Carol Rama (born Olga Carolina Rama; 17 April 1918 – 25 September 2015) was an Italian self-taught artist. Her painting encompassed an erotic, and sexual identity with specific references to female sensuality. She began to paint around the mid-thirties and exhibiting her work ten years later. Her work was relatively little known until curator Lea Vergine included several pieces in a 1980 exhibition, prompting Rama to revisit her earlier watercolour style.

Biography 

Born on 17 April 1918, Olga Carolina Rama was the youngest of three children born to Marta (née Pugliaro) and Amabile Rama, who had just returned to Turin the year before their daughter's birth after a six-year stint as migrant workers in Argentina. Much of Rama's earliest frame of reference comes from factory life. Through much of the 1920s, the business and the family prospered. Rama took riding lessons. She remembered it as a carefree time during which the family sang operatic arias and played dress-up at home. Her father, Amabile Rama, was a small-scale manufacturer in the engineering industry who produced automobiles under the trademark "Sintesi" as well as unusual unisex bicycles under the trademark "OLT". Among those working in his factory, at Via Digione 17 in Turin, there was a model employee, Vittorio Valletta, who in 1927 left "Sintesi" to place his talents at the service of FIAT. And it was following the birth of the FIAT that her father's company began to go downhill, and was declared bankrupt while Carol was still a child. Hard years followed for the previously prosperous Rama family. Her once secure middle-class family was socially marginalized. Gone were the afternoons of singing operatic arias and taking riding lessons. Rama said, "I started to experience rejection and derision from the same circles that had showered me with privileges before." Carol Rama's mother, Marta was committed to a psychiatric hospital in 1933; Rama was 15 years old. Six years later, Amabile, Rama's father, committed suicide.

Rama was still forming herself as a young woman during her mother's mental breakdown. Frequent visits to the asylum proved decisive: "I felt comfortable in that surrounding. Because it's there I began to have manners and upbringing without either cultural preparation or etiquette." Observing the unusual, quixotic characters in the asylum and absorbing that atmosphere has a liberating effect on the budding artist, which would inform her whole aesthetic and world view. Rama had enrolled at the art academy but school would not be her path forward; she skipped class and dropped out. Right off the bat she intuitively possessed her own self-assured style, line quality, subject matter, and twisted perspective.
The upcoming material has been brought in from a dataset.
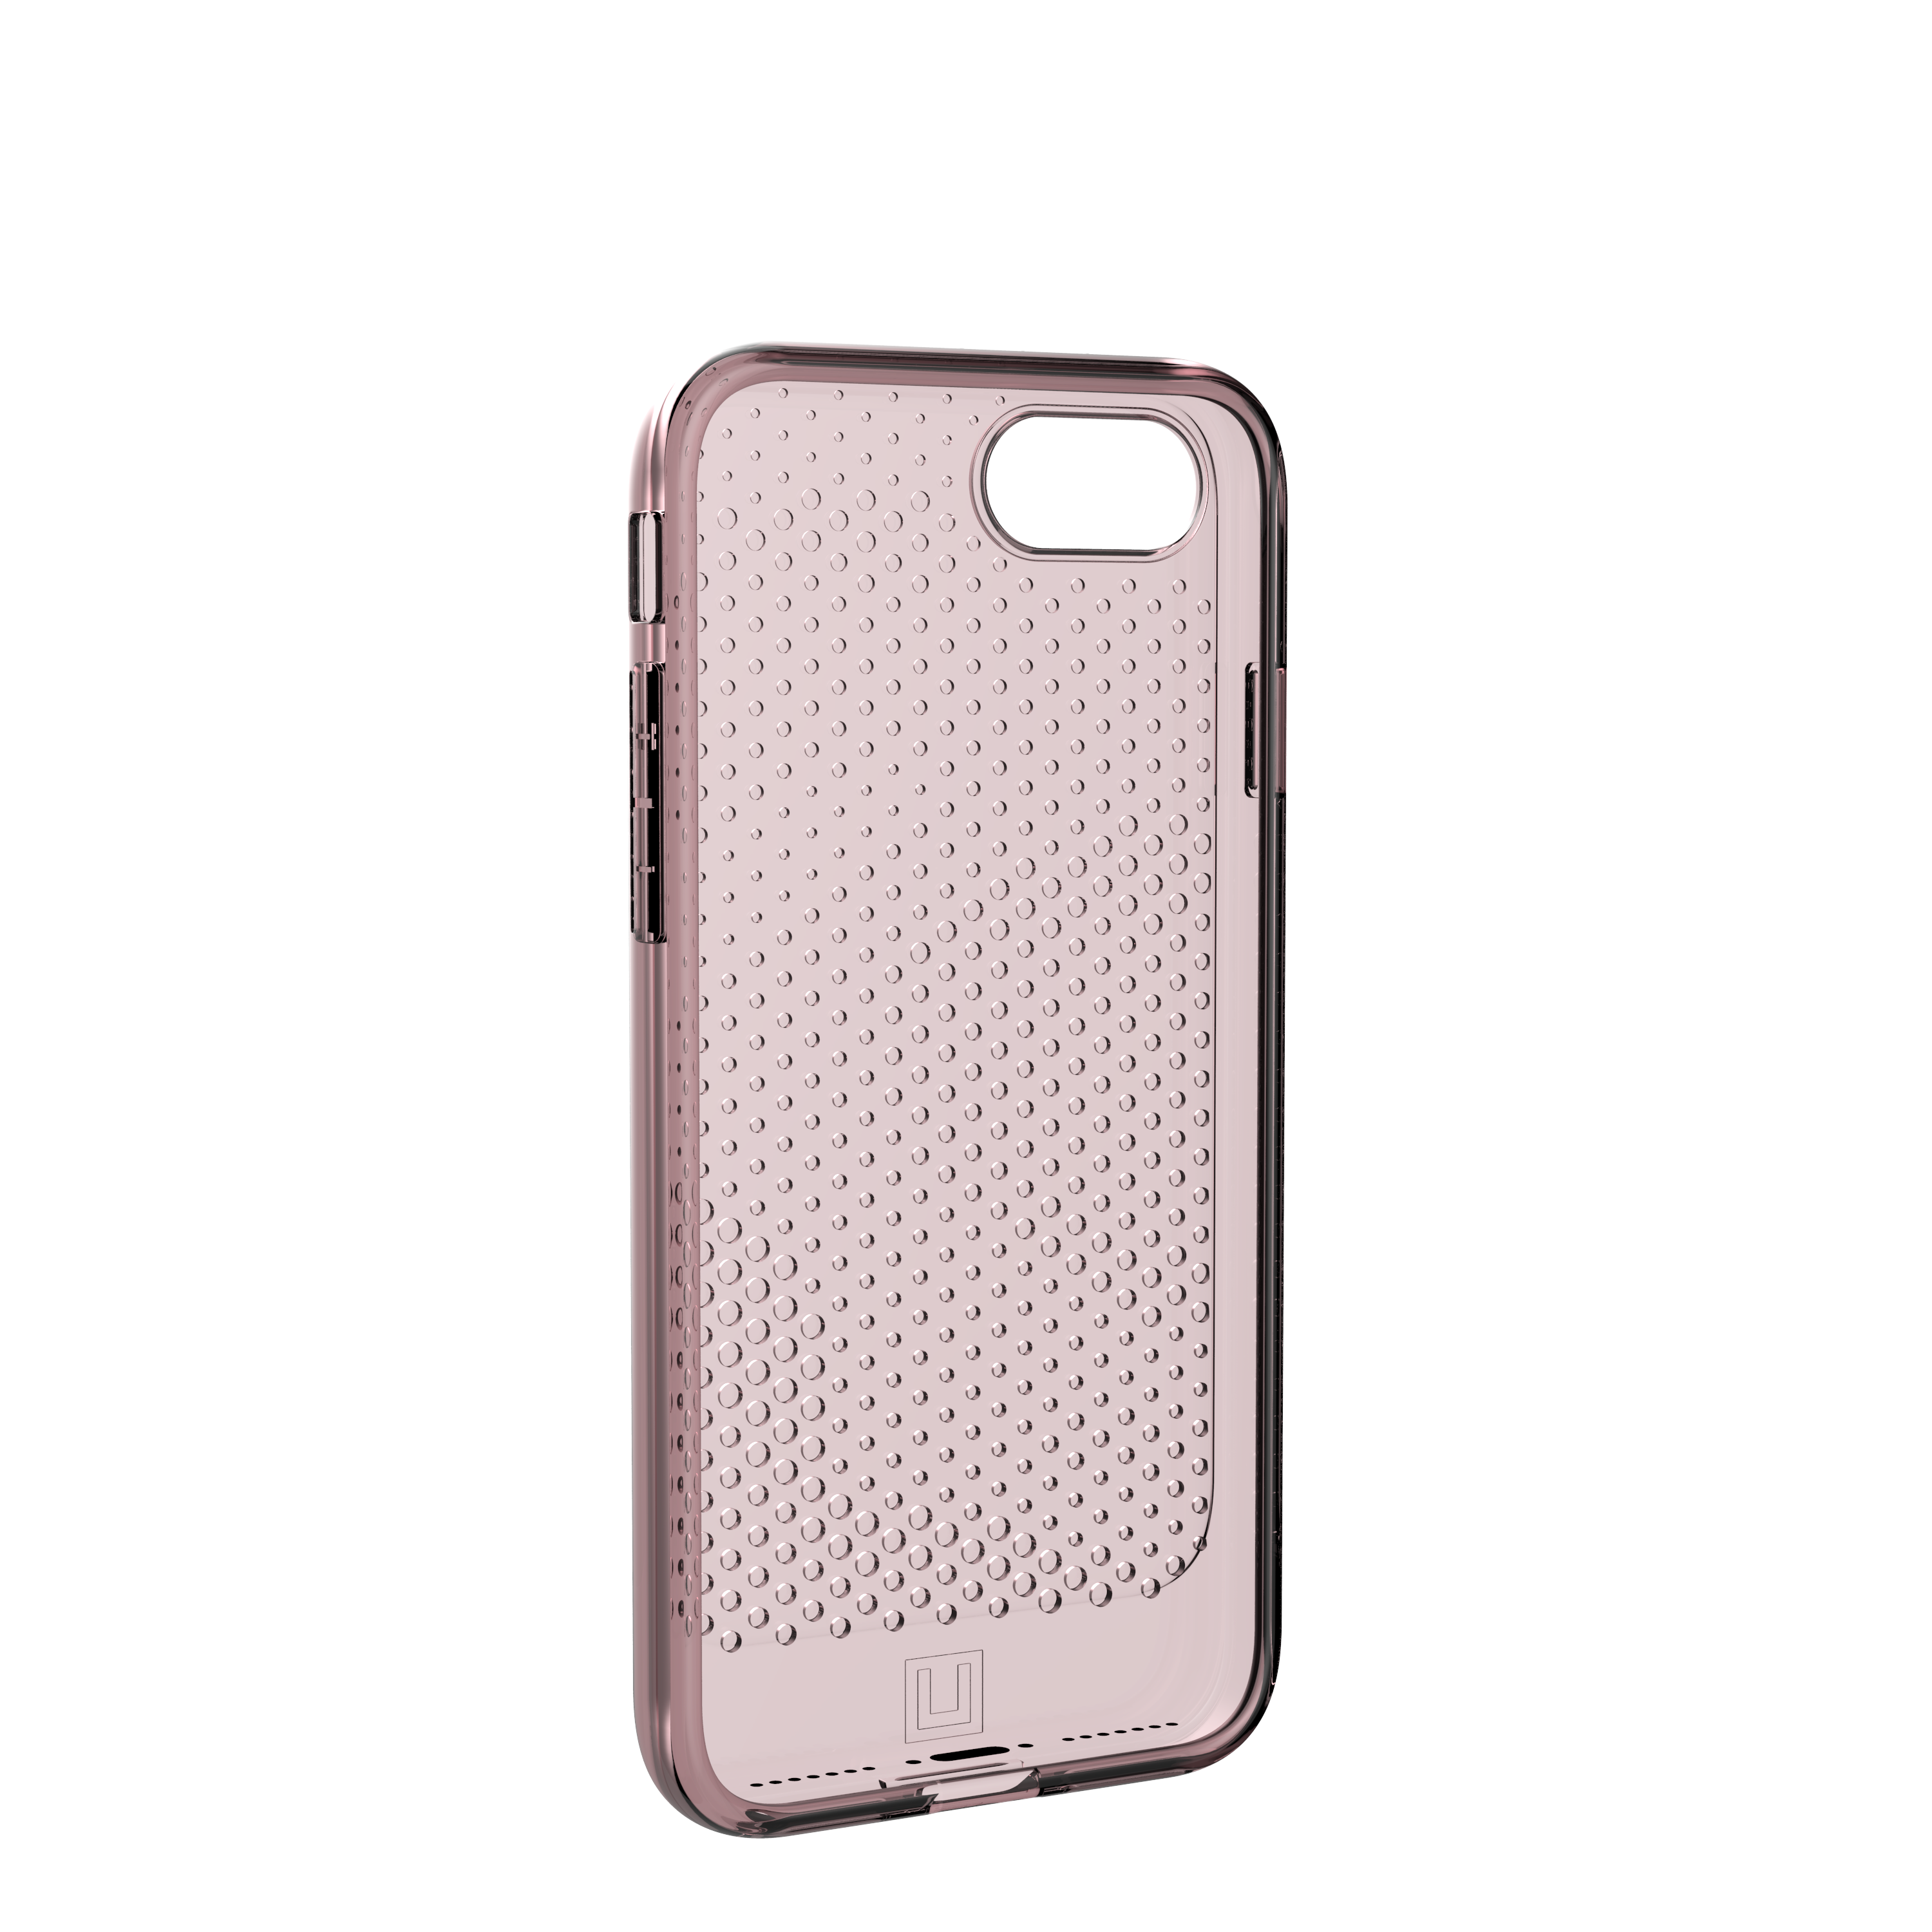 Antecedent Kreet Wolkenkrabber U by UAG Stylish, Sleek, Feather-light, Slim, Premium iPhone 8 / iPhone 7  [4.7-inch screen] Cases & Covers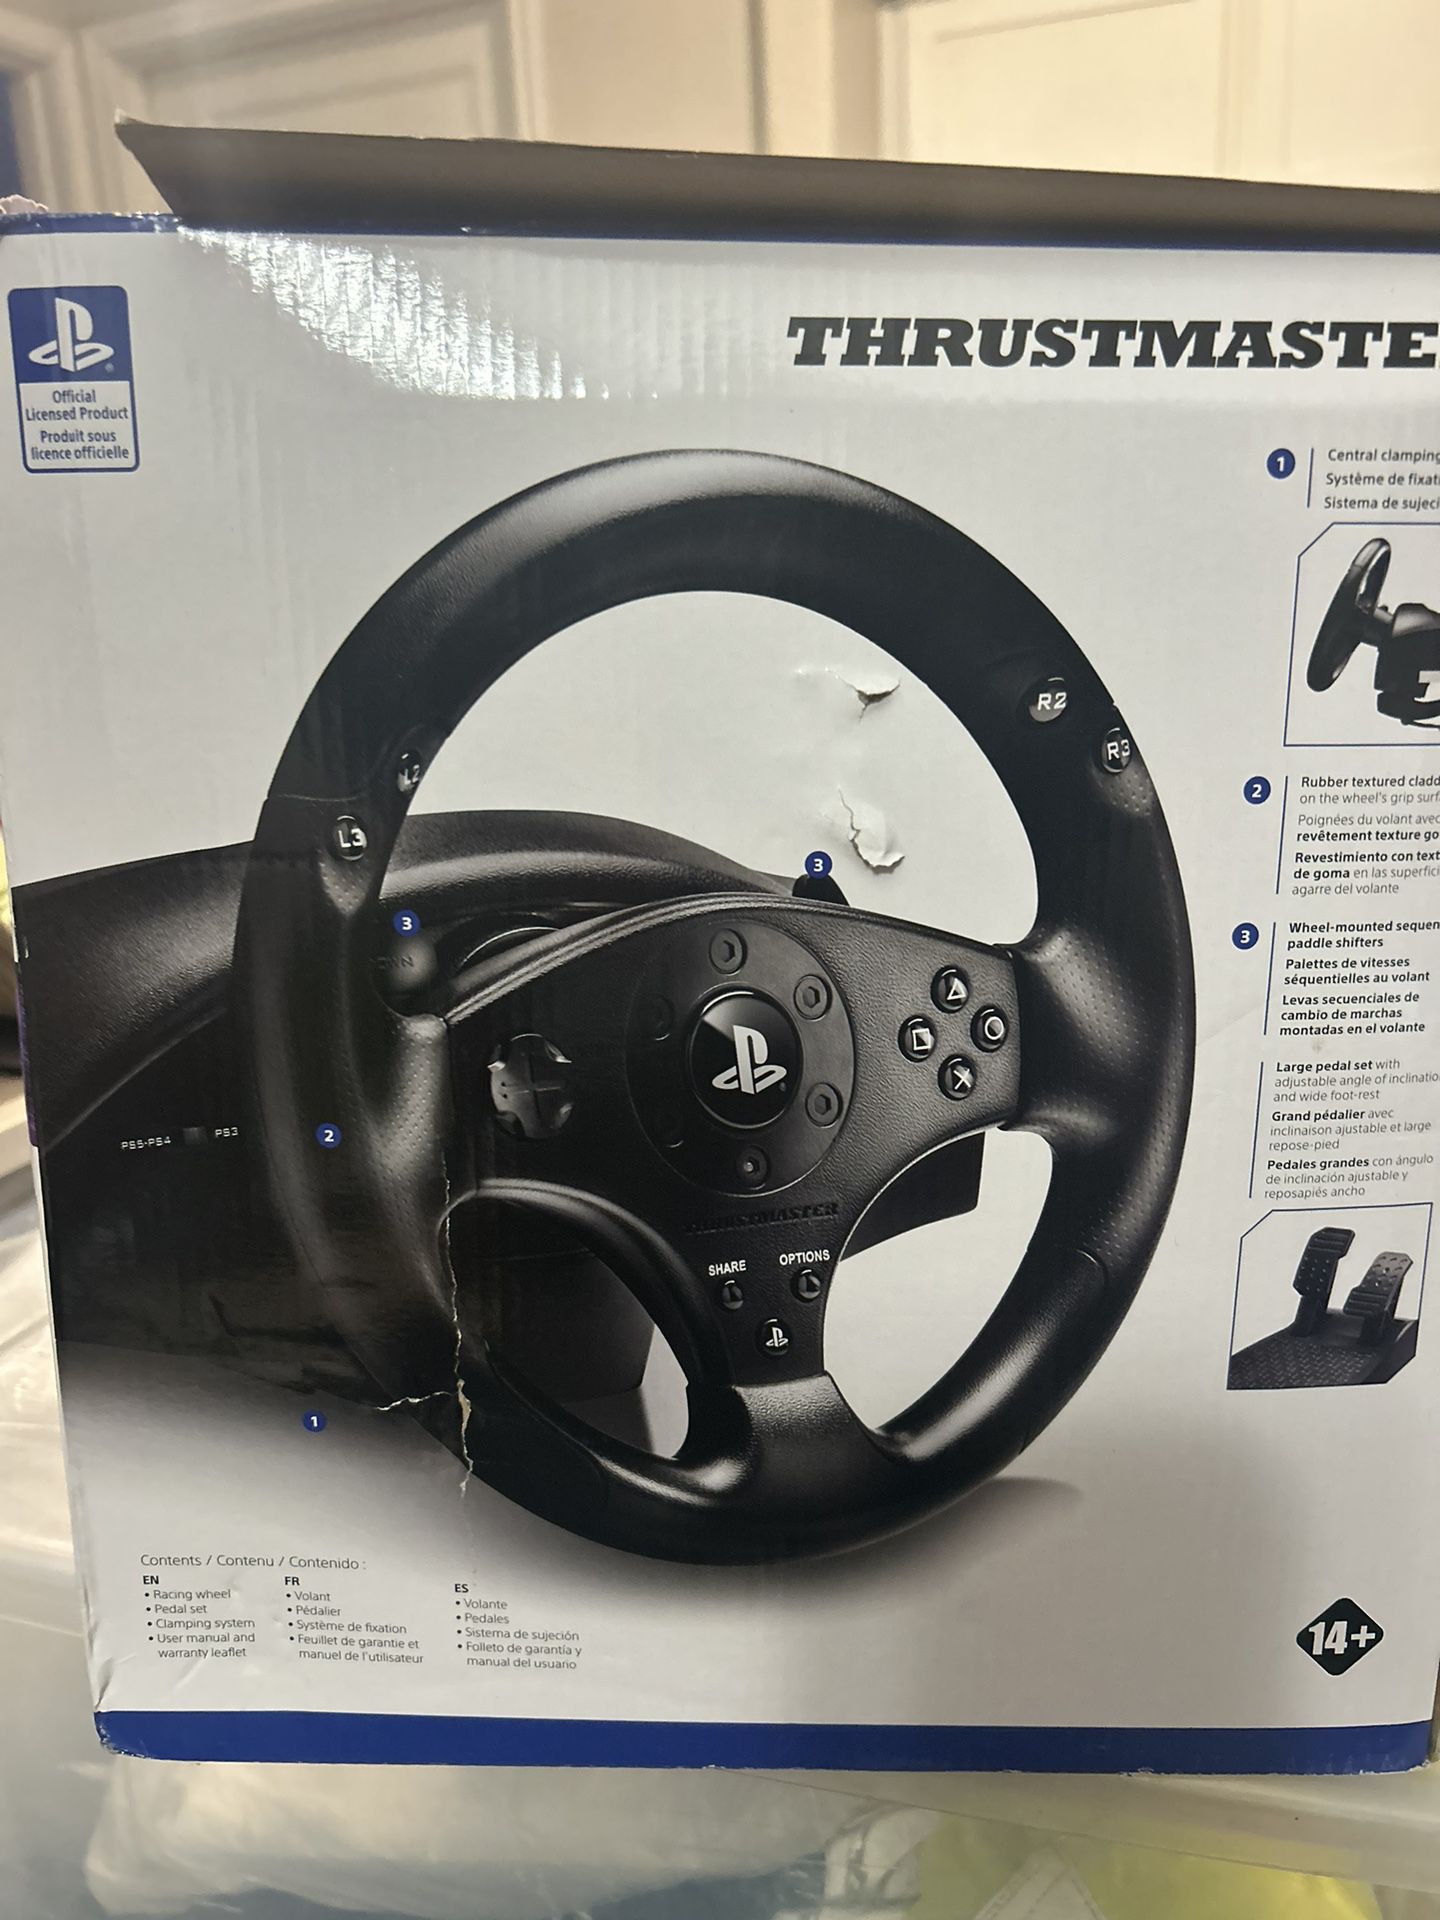 PS4/ps5 Steering Wheel Controller

Specificity of vision, brazenly expressed, distinguishes Rama's earliest works.

Art practice 
As a painter, Rama began with sex and with watercolor. Infused with inwardness, watercolor has an intimate relation to the painter's body, with brushwork that tends to revolve around hand and wrist action, much like writing; its scale suited Rama's tabletop home-studio set-up. A medium of dilution and pollution, bleeding and spillage, watercolor was just the right thing for the then-young artist fascinated by bodies, orifices, fluids, and their intersubjective exchange. Color in her early watercolors is generally applied sparingly, in pale washes or barely at all, with strategic, vivid punctuations that draws attention to key erogenous zones: mouths, tongues, nipples, cunts, dicks, and assholes- wet holes and erotic plumbing primed for liquid flow. Of all the orifices, the mouth is Rama's favorite, as it is the most representative of desire. Her watercolors redesign anatomies, amputate and reorder limbs, realign orifices, and scramble physiological functions. Her women are often depicted armless, legless, or both, appearing broken like damaged classical ruins from Italy's ancient past.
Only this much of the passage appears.